SUMMARY: cl.h causes a choke on John the Ripper and a hangs on Hashcat when executing clCreateKernel(program[gpu_id], "wpapsk_final_sha256", &ret_code) for wpapsk. How may I fix this problem -- especially/at the very least for Hashcat?

NOTE: This post is a clarification and elaboration of my earlier post (which incorrectly and insufficiently identified the problem with OpenCL for Mali):
Rockchip-mali-midgard: OpenCL broken; please add earlier compilation (version) to repository and fix the current one - Rockchip-mali-midgard: OpenCL broken; please add earlier compilation (version) to repository and fix the current one

To enable OpenCL (initially just for use with Hashcat), I have installed OpenCL ICD Loader, plus clinfo. Three additional packages I installed for John the Ripper, to use it for purposes of comparison.
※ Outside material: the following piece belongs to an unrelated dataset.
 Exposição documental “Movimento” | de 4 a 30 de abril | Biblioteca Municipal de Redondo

apt-get install ocl-icd-libopencl1 clinfo libopenmpi2 openmpi-bin argon2
The following additional packages will be installed:
libgfortran3 libhwloc-plugins libhwloc5 libibverbs1 openmpi-common
apt-get install mesa-opencl-icd

When I ran JtR, I had an auspicious (4266c/s for whole GPU) start with Ubuntu Bionic's CL, from opencl-c-headers.
NOTE: any performance is acceptable, as this exercise is one of education and understanding on a tight budget.
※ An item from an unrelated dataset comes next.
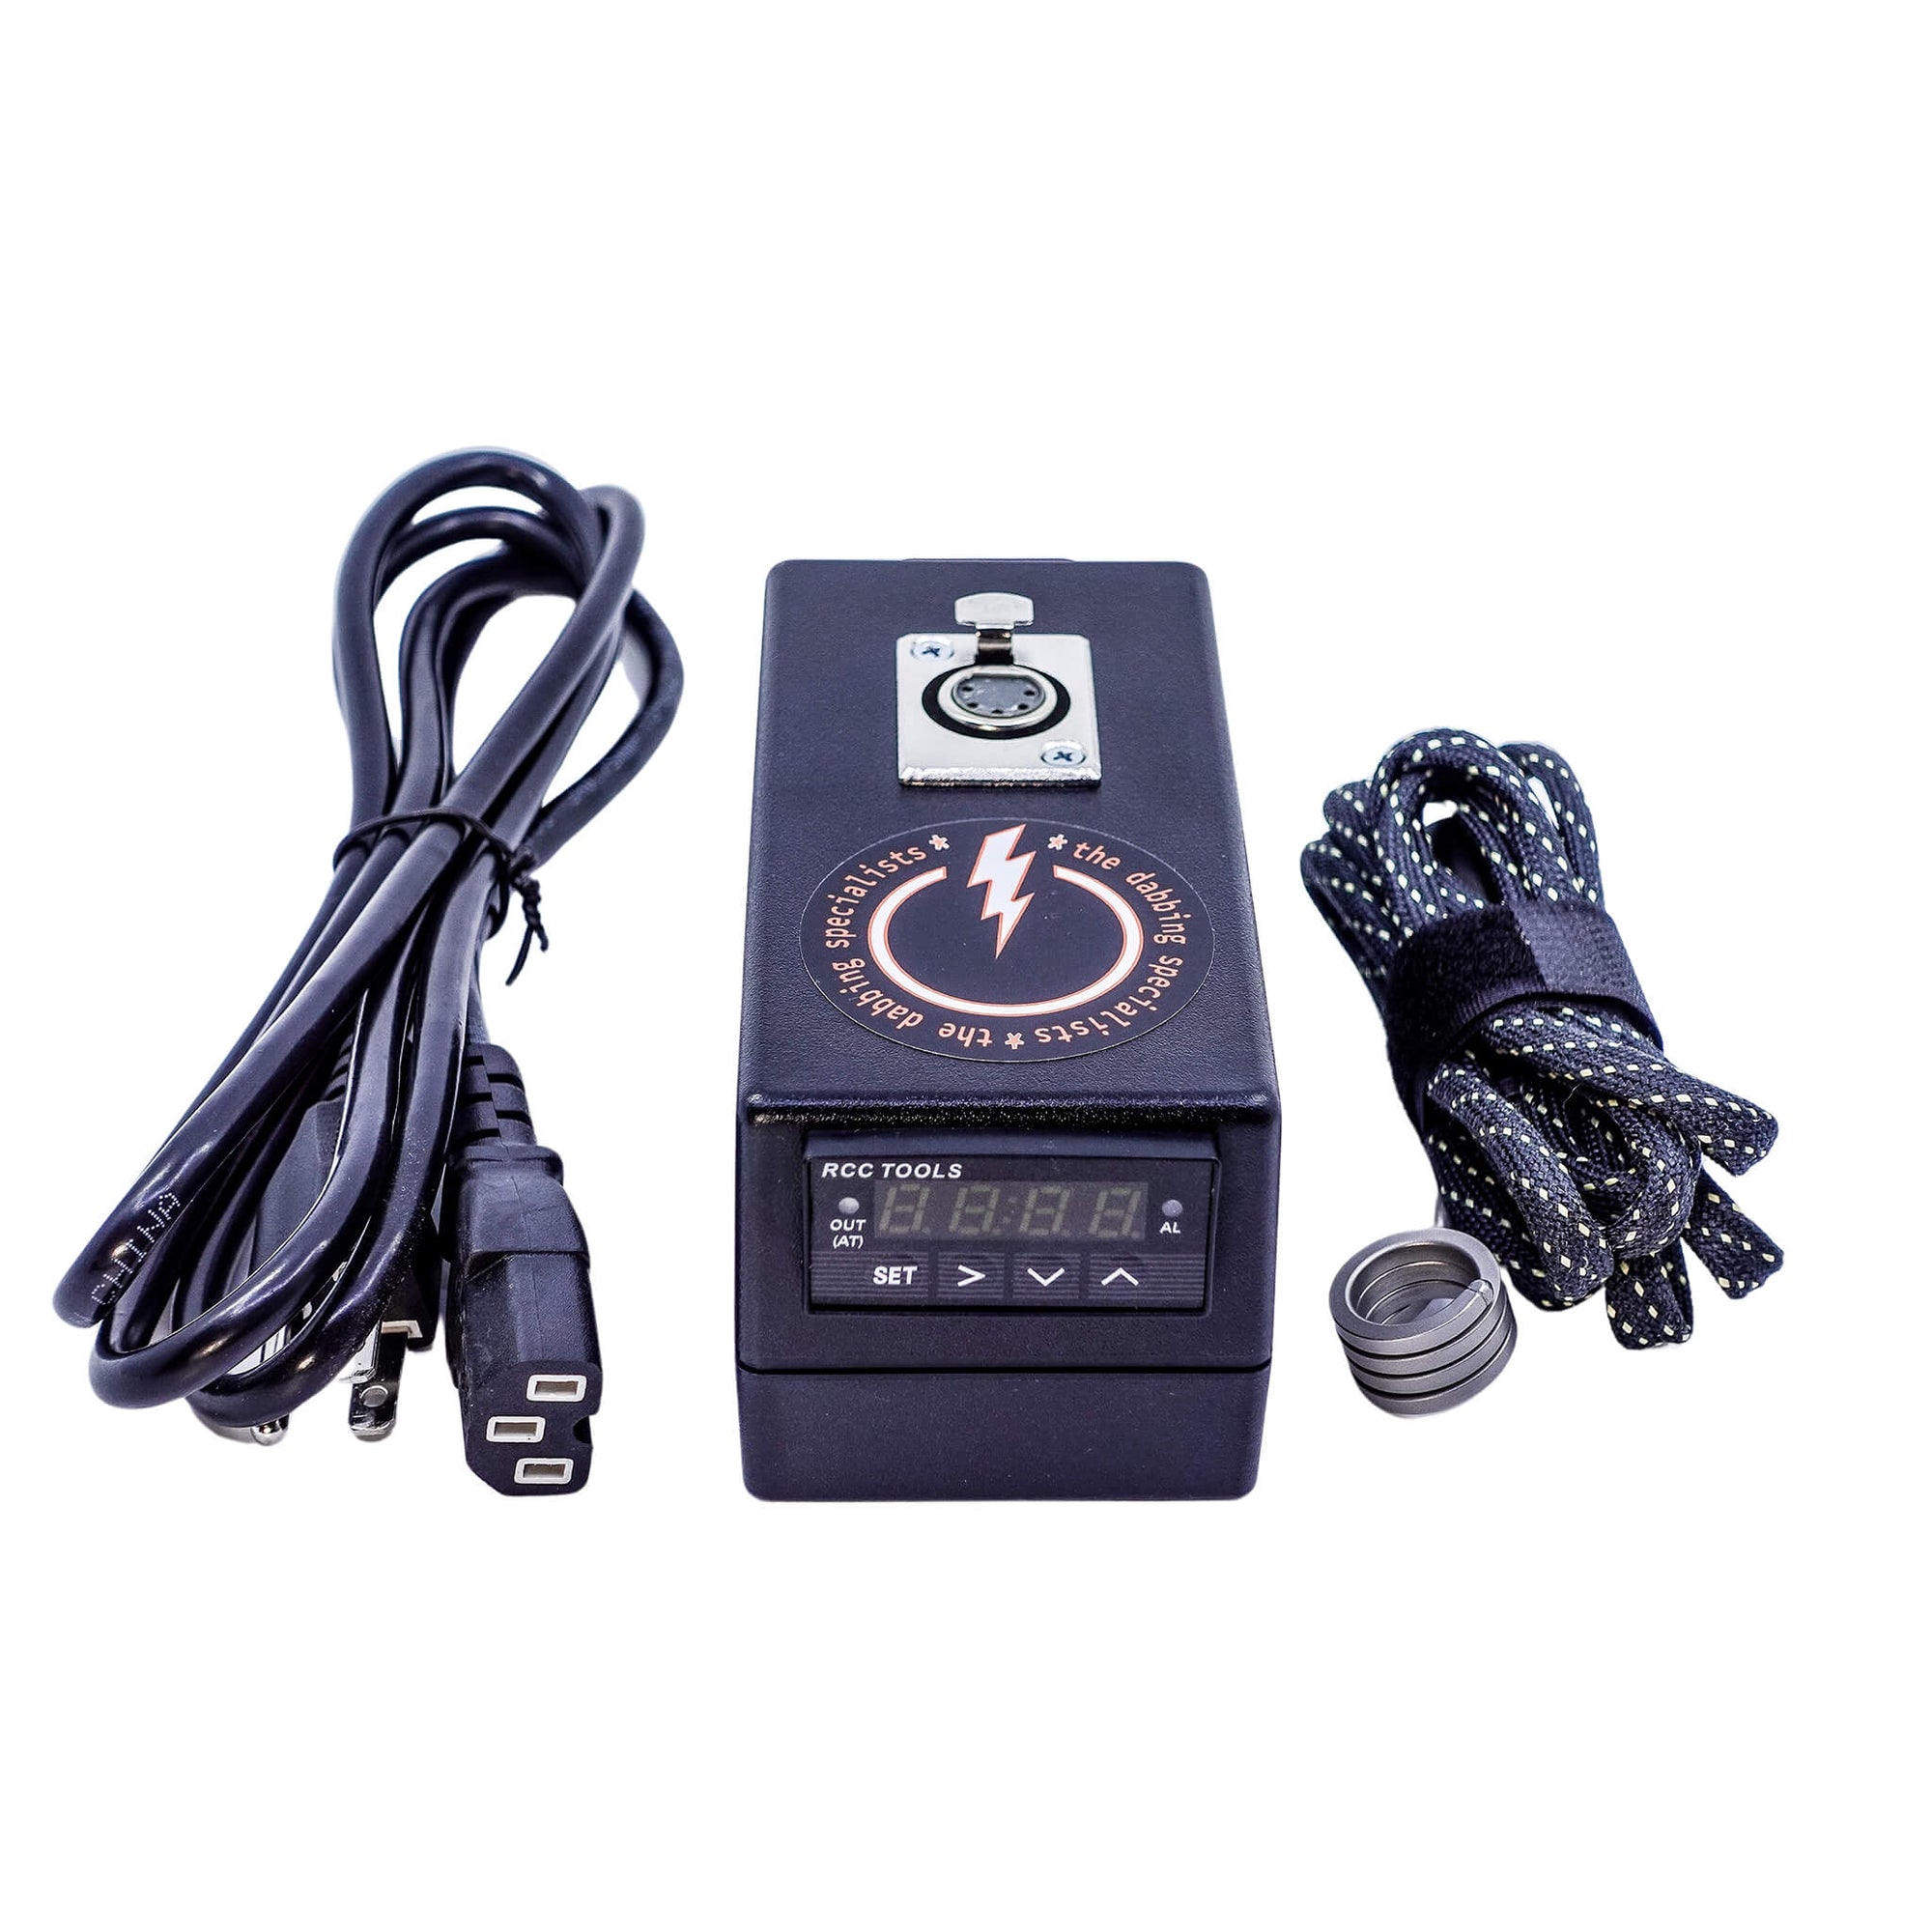 Portable BlackBar eNail | Complete eNail Kit View 16mm Coil Heater | Dabbing Warehouse

john-1.9.0-jumbo-1/src$ …/run/john --test --format=opencl --force-scalar
Device 1@wifi: Mali-T860
Benchmarking: sha1crypt-opencl, (NetBSD) [PBKDF1-SHA1 OpenCL]… DONE
Speed for cost 1 (iteration count) of 64000 and 40000
Raw: 38.6 c/s real, 4266 c/s virtual
Later, I was able to achieve better results.
Bionic’s CL, from opencl-c-headers, works in ~3-5min.
john-1.9.0-jumbo-1-compiled_with_1bionic_headers/src$ …/run/john --test --format=opencl --force-scalar
Benchmarking: sha1crypt-opencl, (NetBSD) [PBKDF1-SHA1 OpenCL]… DONE
Speed for cost 1 (iteration count) of 64000 and 40000
Raw: 53.7 c/s real, 5120 c/s virtual
NOTE: speed doubled. (I accidentally ran the test again.)
john-1.9.0-jumbo-1-compiled_with_1bionic_headers/src$ …/run/john --test --format=opencl --force-scalar
Device 1@wifi: Mali-T860
Benchmarking: sha1crypt-opencl, (NetBSD) [PBKDF1-SHA1 OpenCL]… DONE
Speed for cost 1 (iteration count) of 64000 and 40000
Raw: 113 c/s real, 6400 c/s virtual

But I noticed that JtR choked on /at least/ one format: the one I need to use.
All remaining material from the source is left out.